#### [Aim of the exercise]
Please repeat, exactly as they stand, the line containing "Nội dung ôn" and the lines after it through the final line of the listing below, minus pictures.

(Given material)

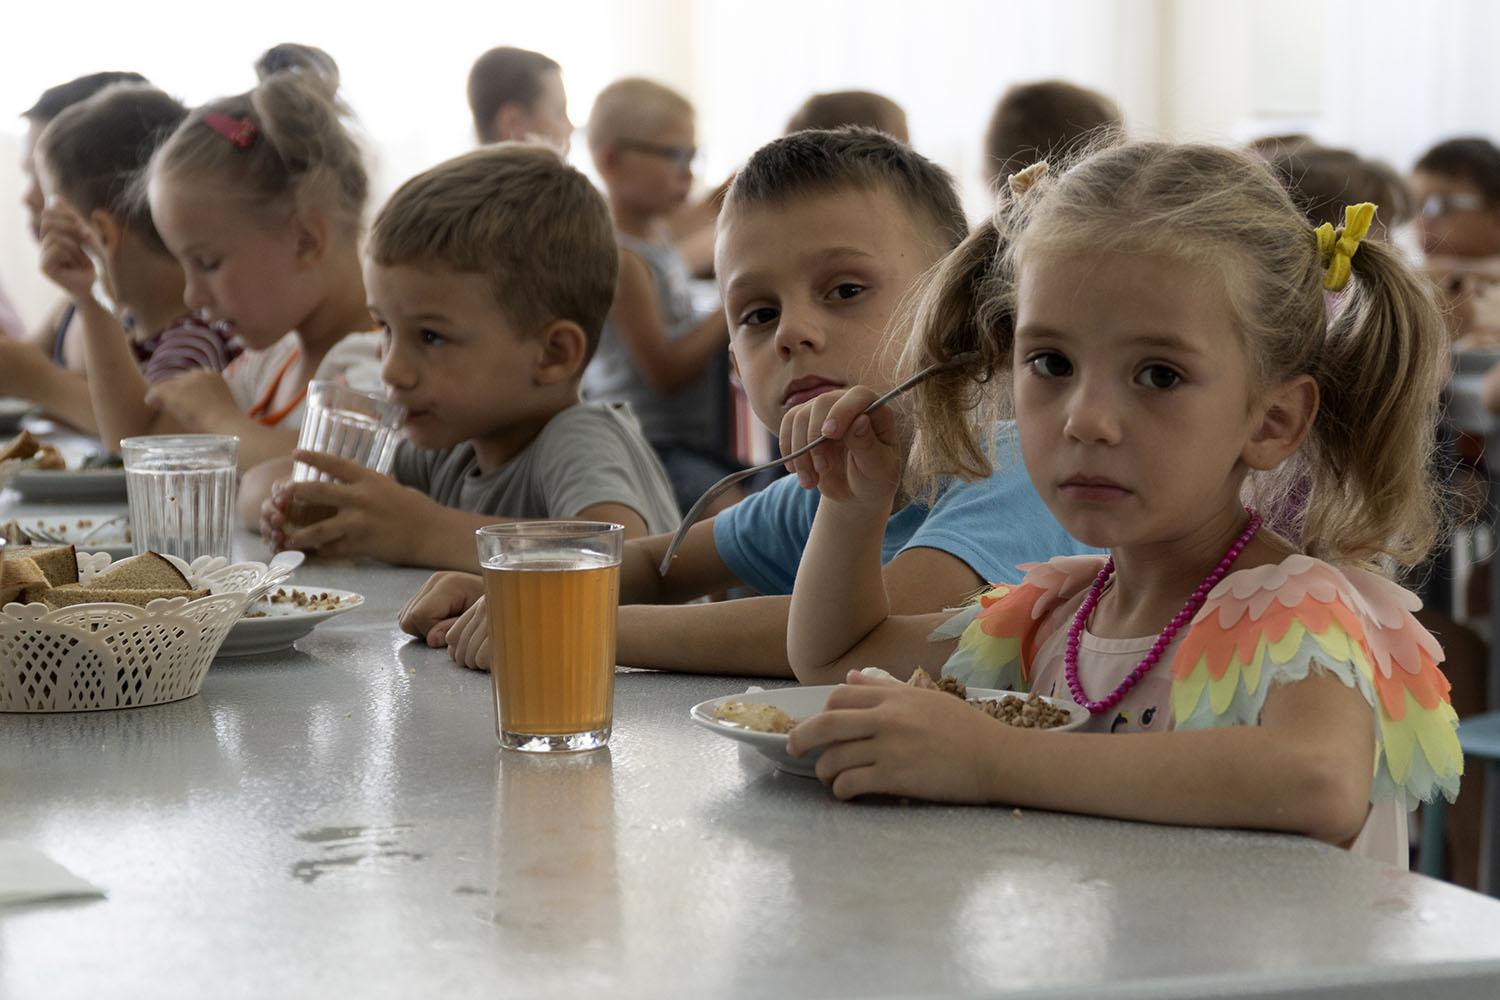 Ukrainian kids in Russia
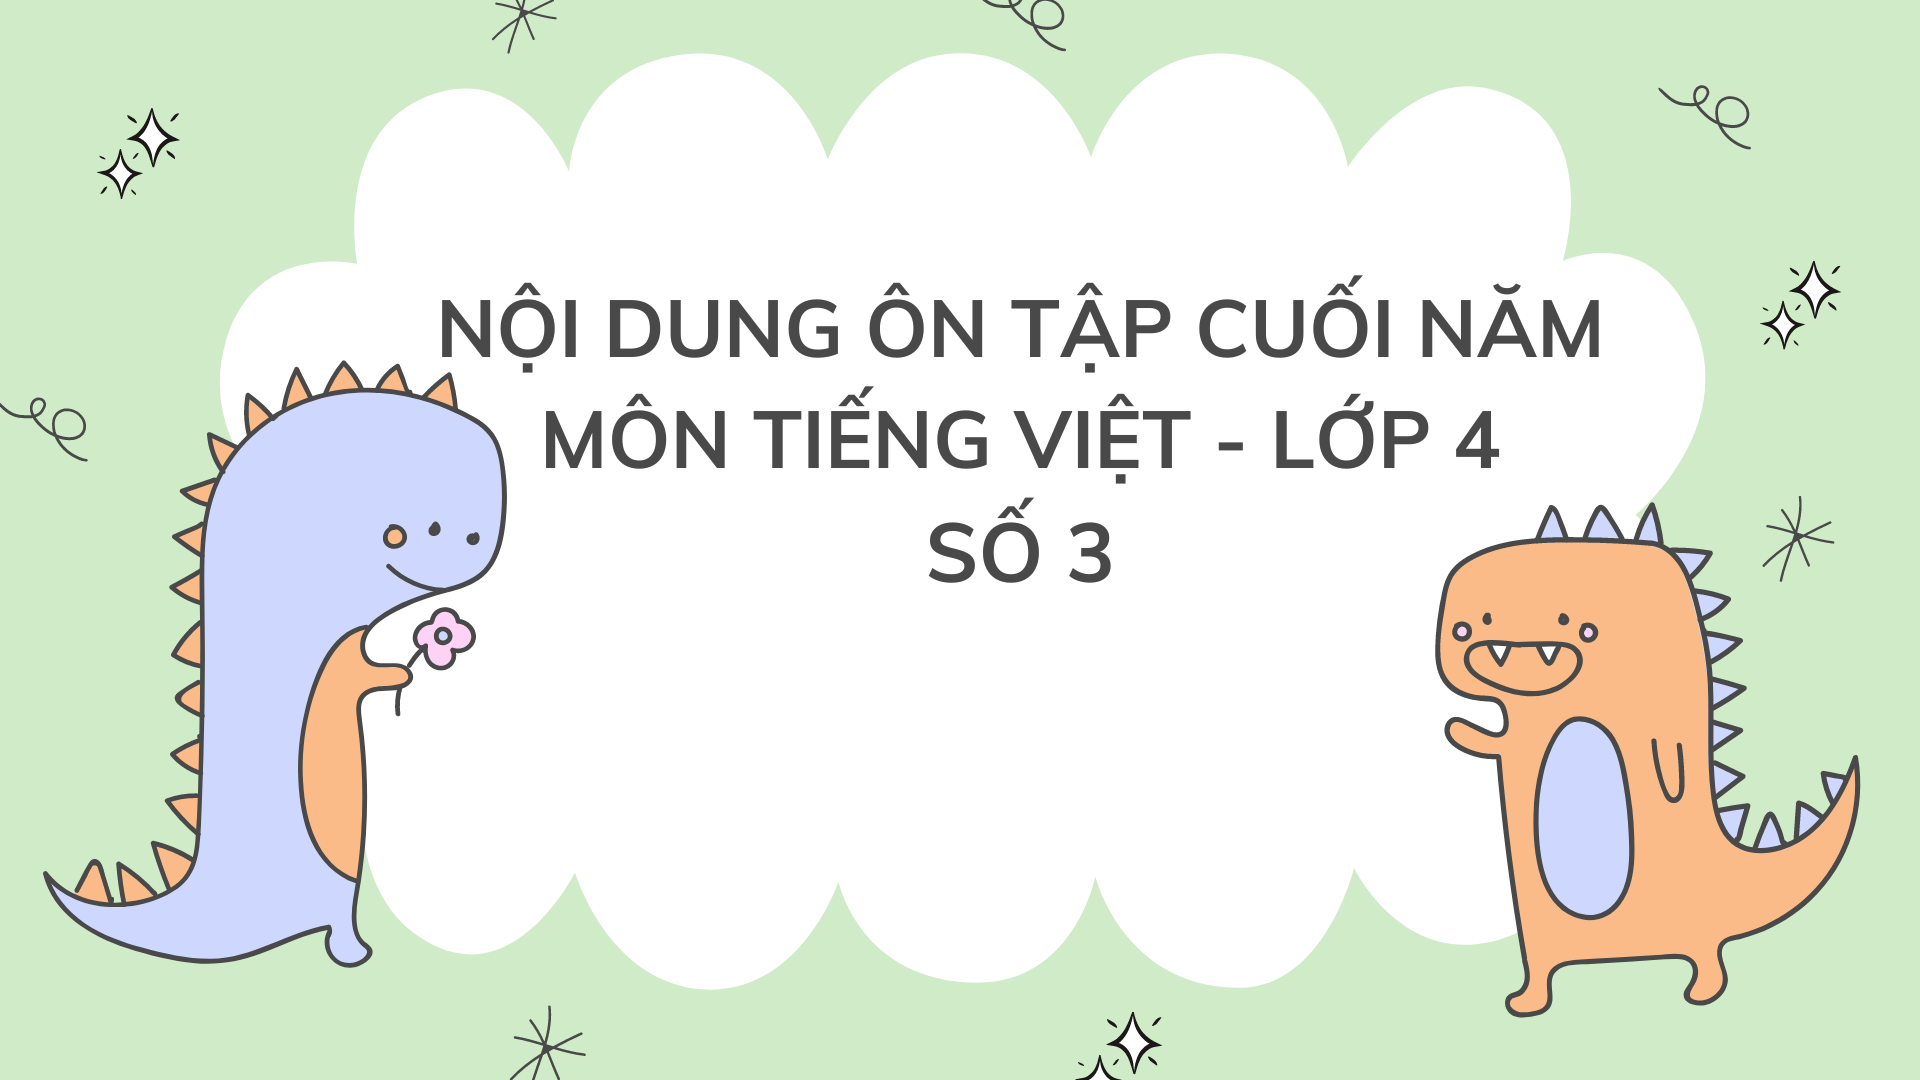 Nội dung ôn tập cuối năm môn Tiếng Việt Lớp 4 - Số 3
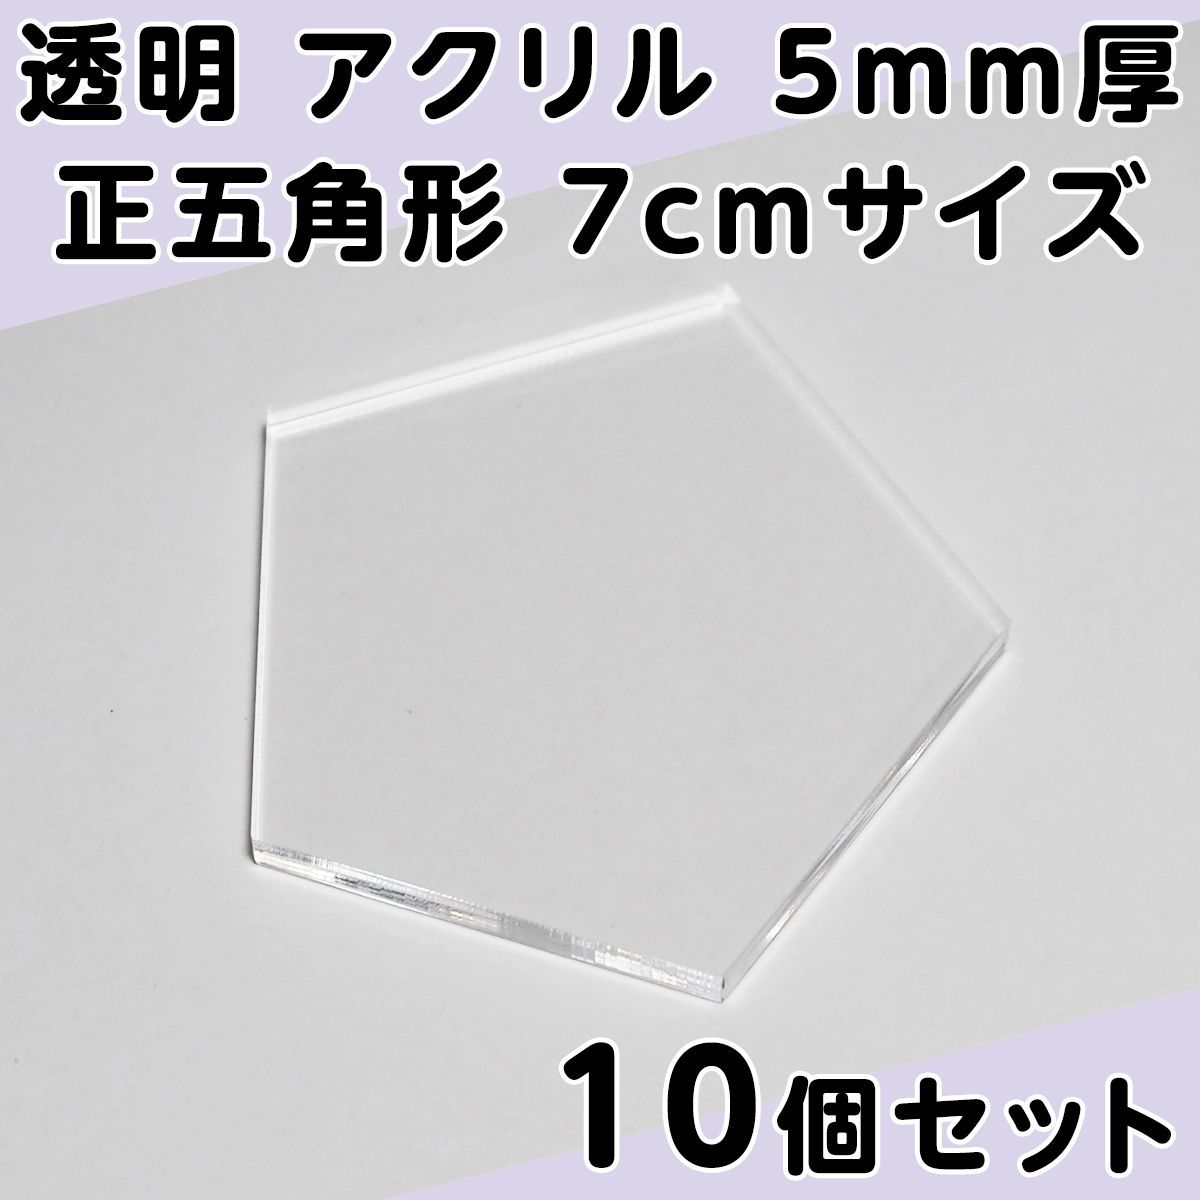 透明 アクリル 5mm厚 正五角形 7cmサイズ 10個セット - メルカリ

(End Given material)

#### [Result of the task]
 Nội dung ôn tập cuối năm môn Tiếng Việt Lớp 4 - Số 3
 透明 アクリル 5mm厚 正五角形 7cmサイズ 10個セット - メルカリ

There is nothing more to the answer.